**EXERCISE AIM**: Transcribe the listing below verbatim, omitting pictures.

**GIVEN DATA**:

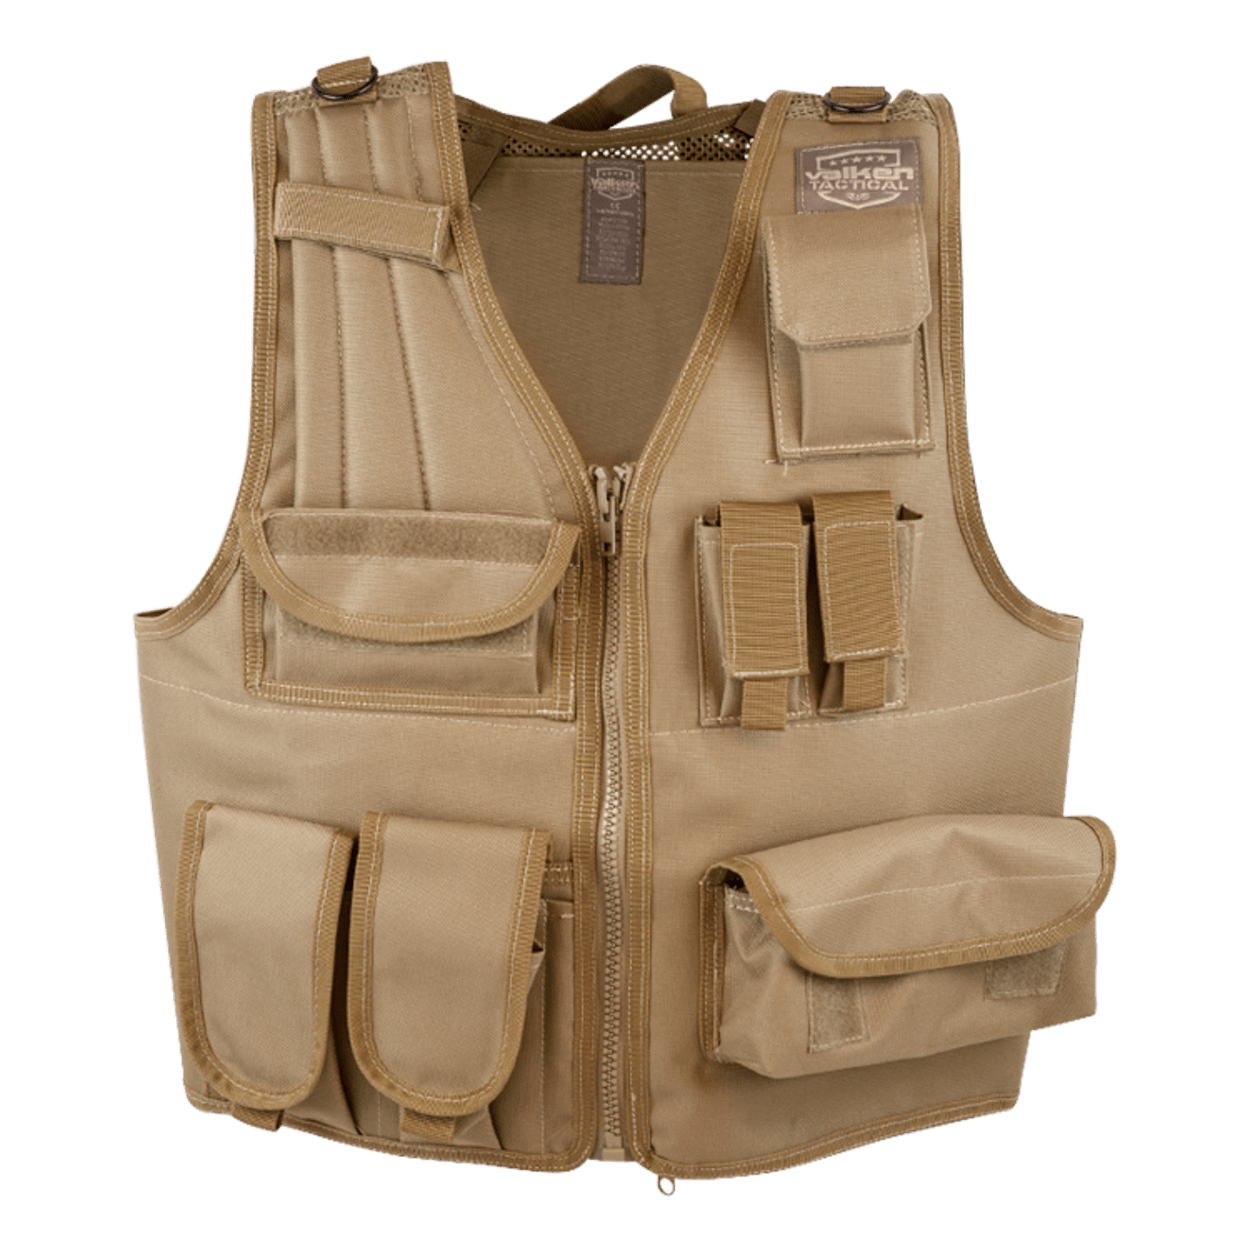 Valken Tactical Vest (Size Adjustable) – Tan product image
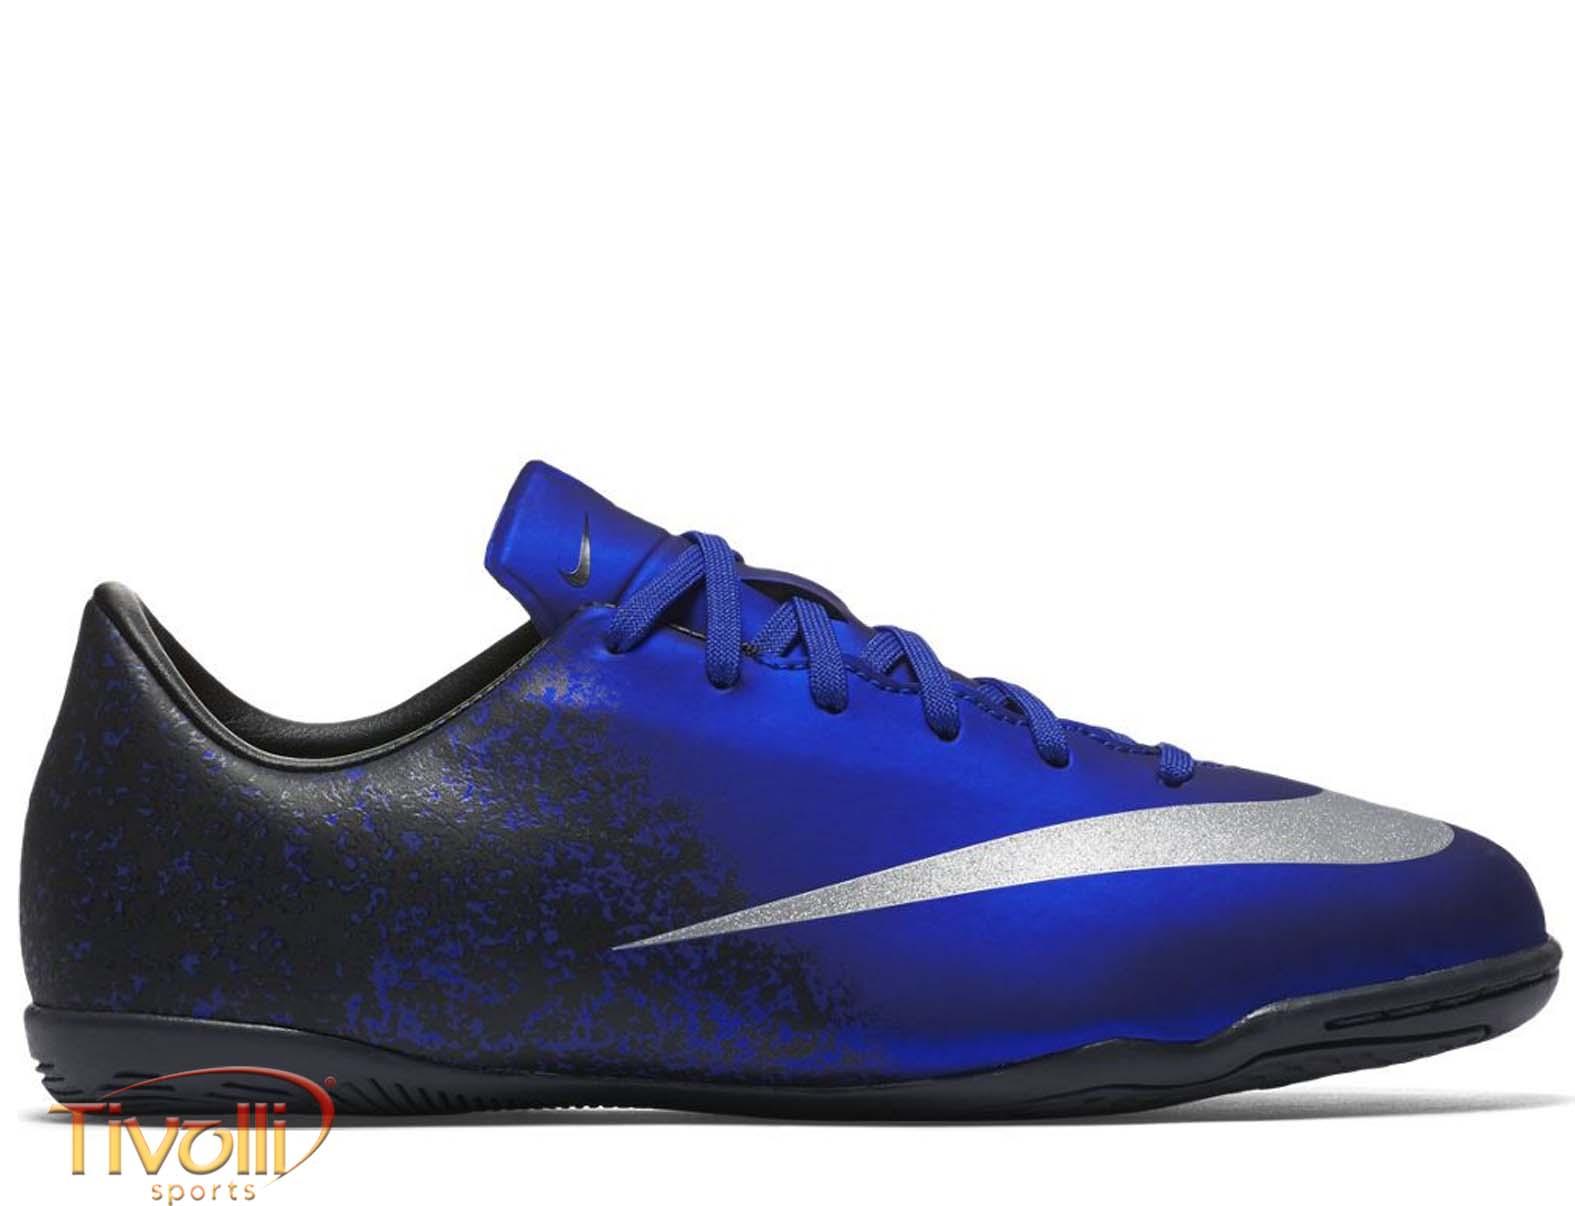 7b7ac1f4dcd0a Black Friday - Chuteira Nike Mercurial Victory V IC CR7 Futsal Azul
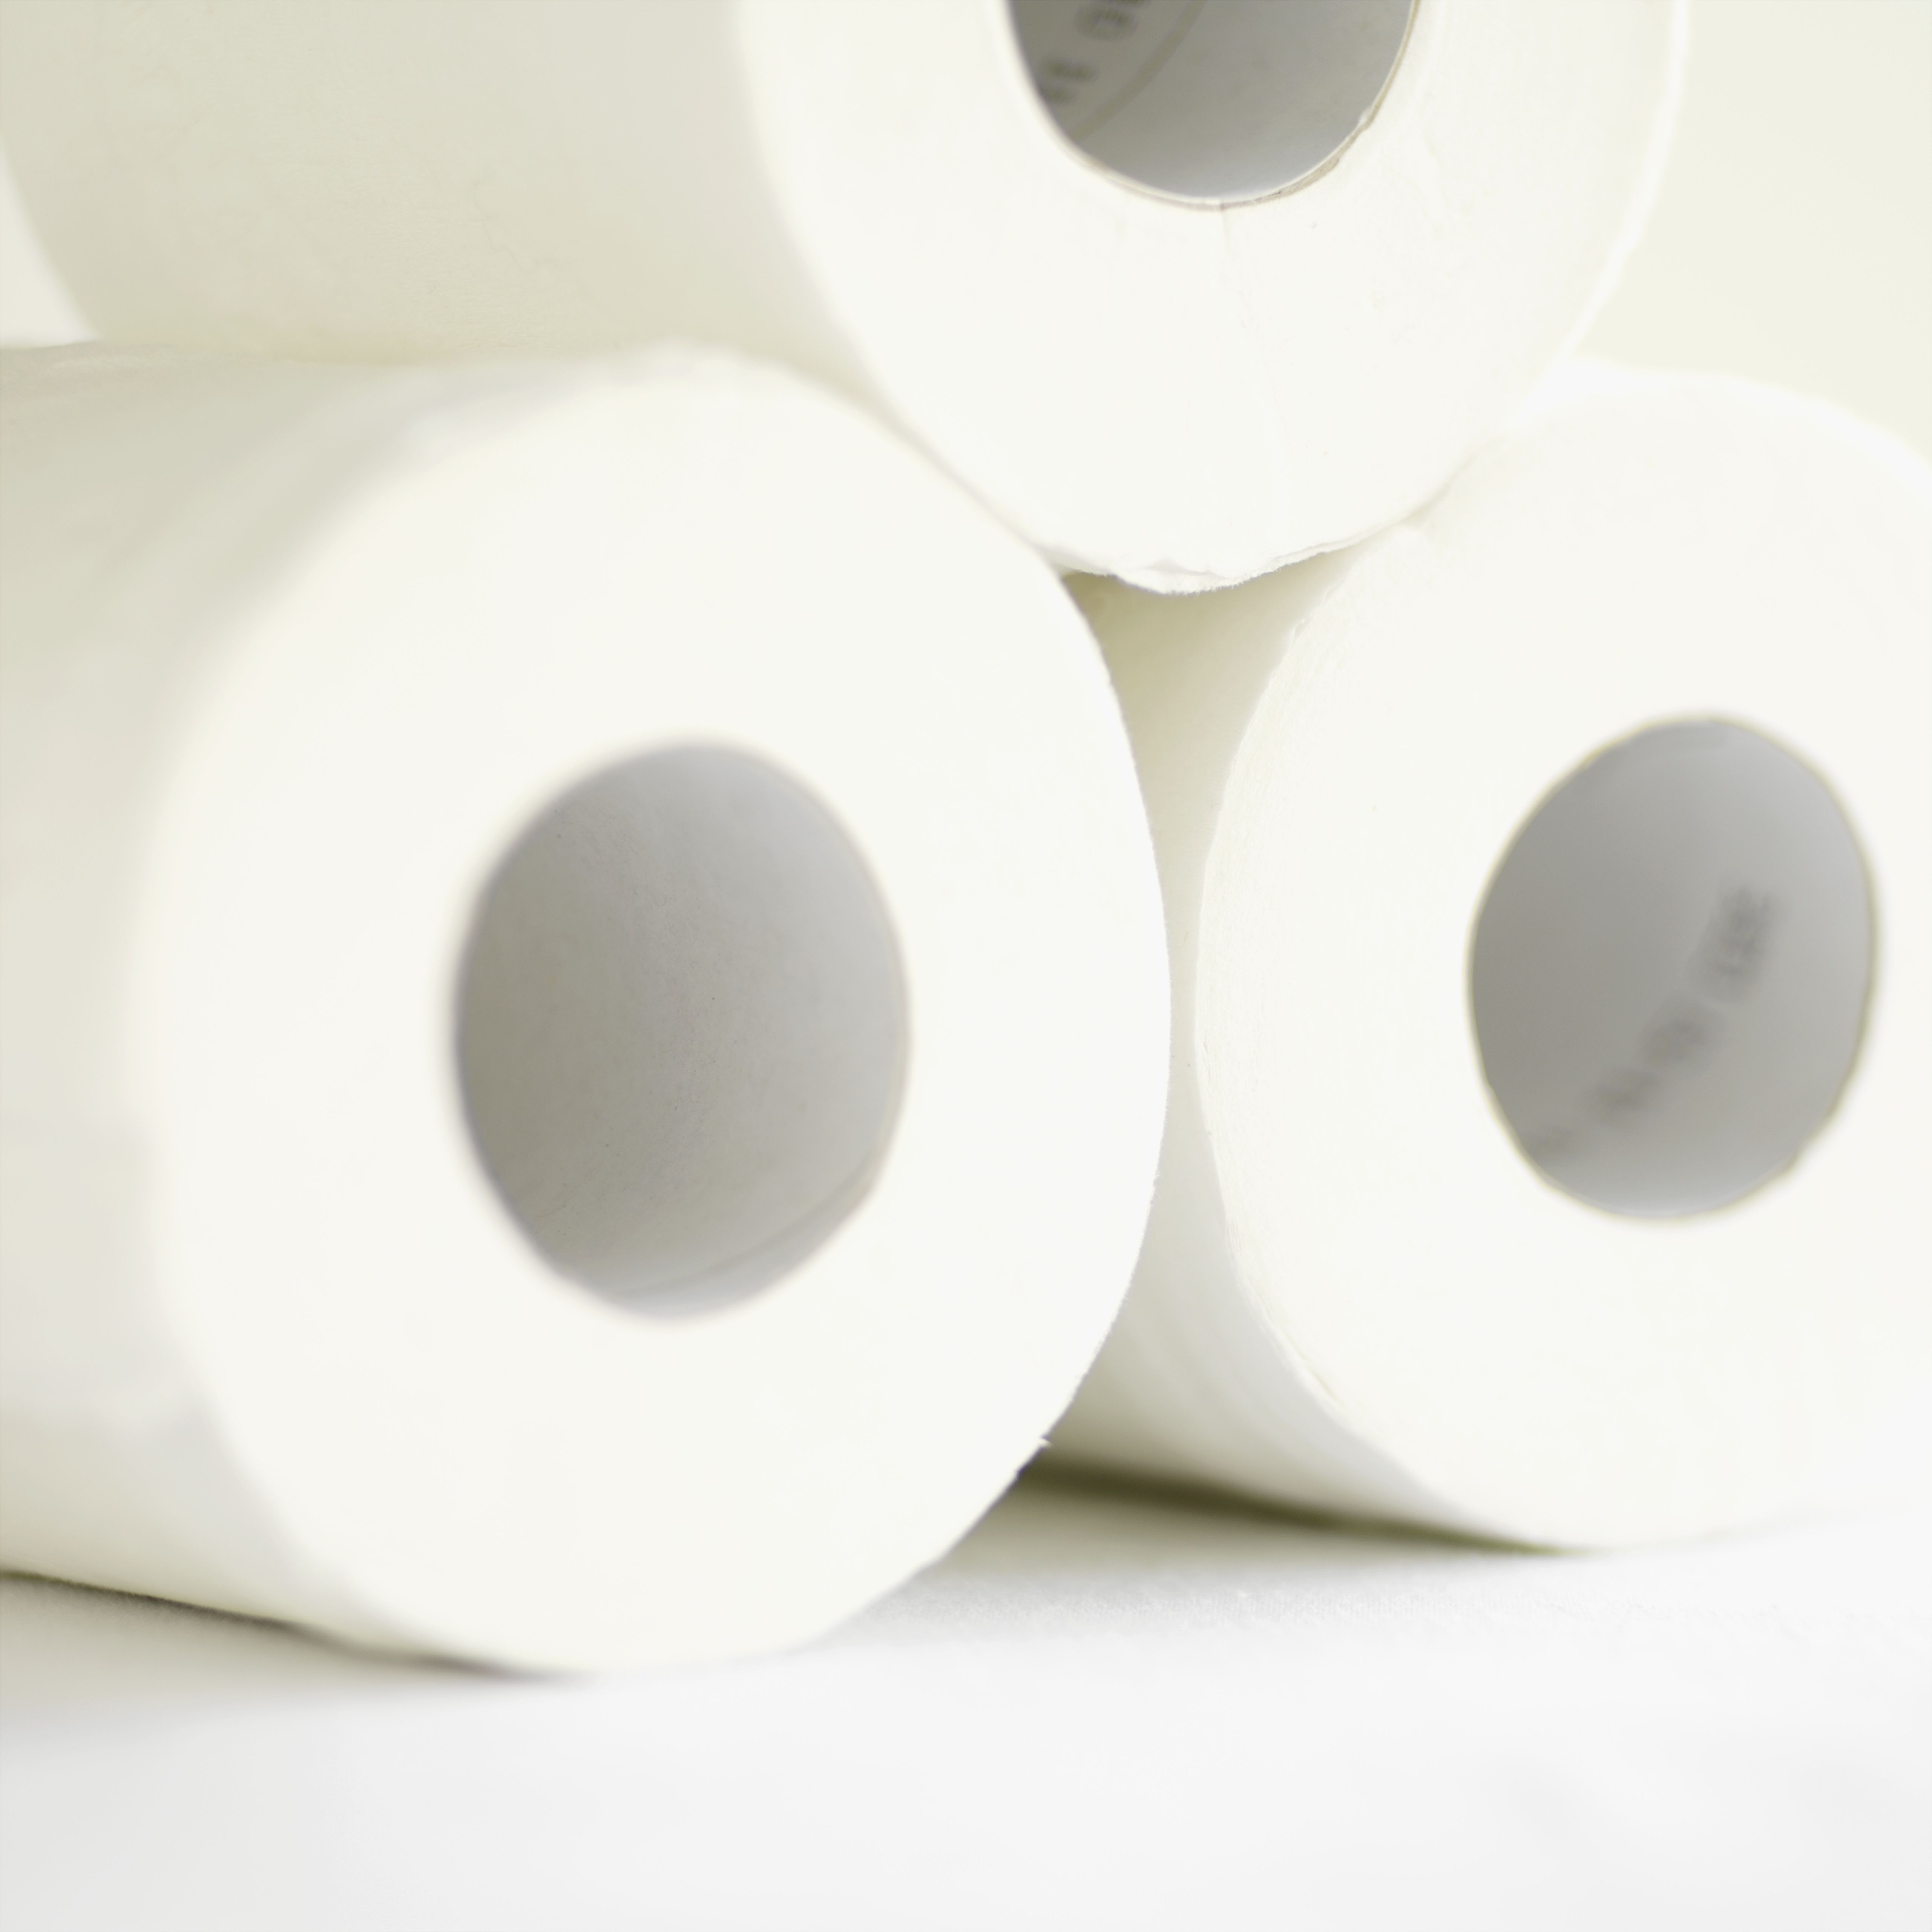 Toilet Paper Icebreaker Games

**SOLUTION TO THE EXERCISE**:
 Valken Tactical Vest (Size Adjustable) – Tan product image
 7b7ac1f4dcd0a Black Friday - Chuteira Nike Mercurial Victory V IC CR7 Futsal Azul
 Toilet Paper Icebreaker Games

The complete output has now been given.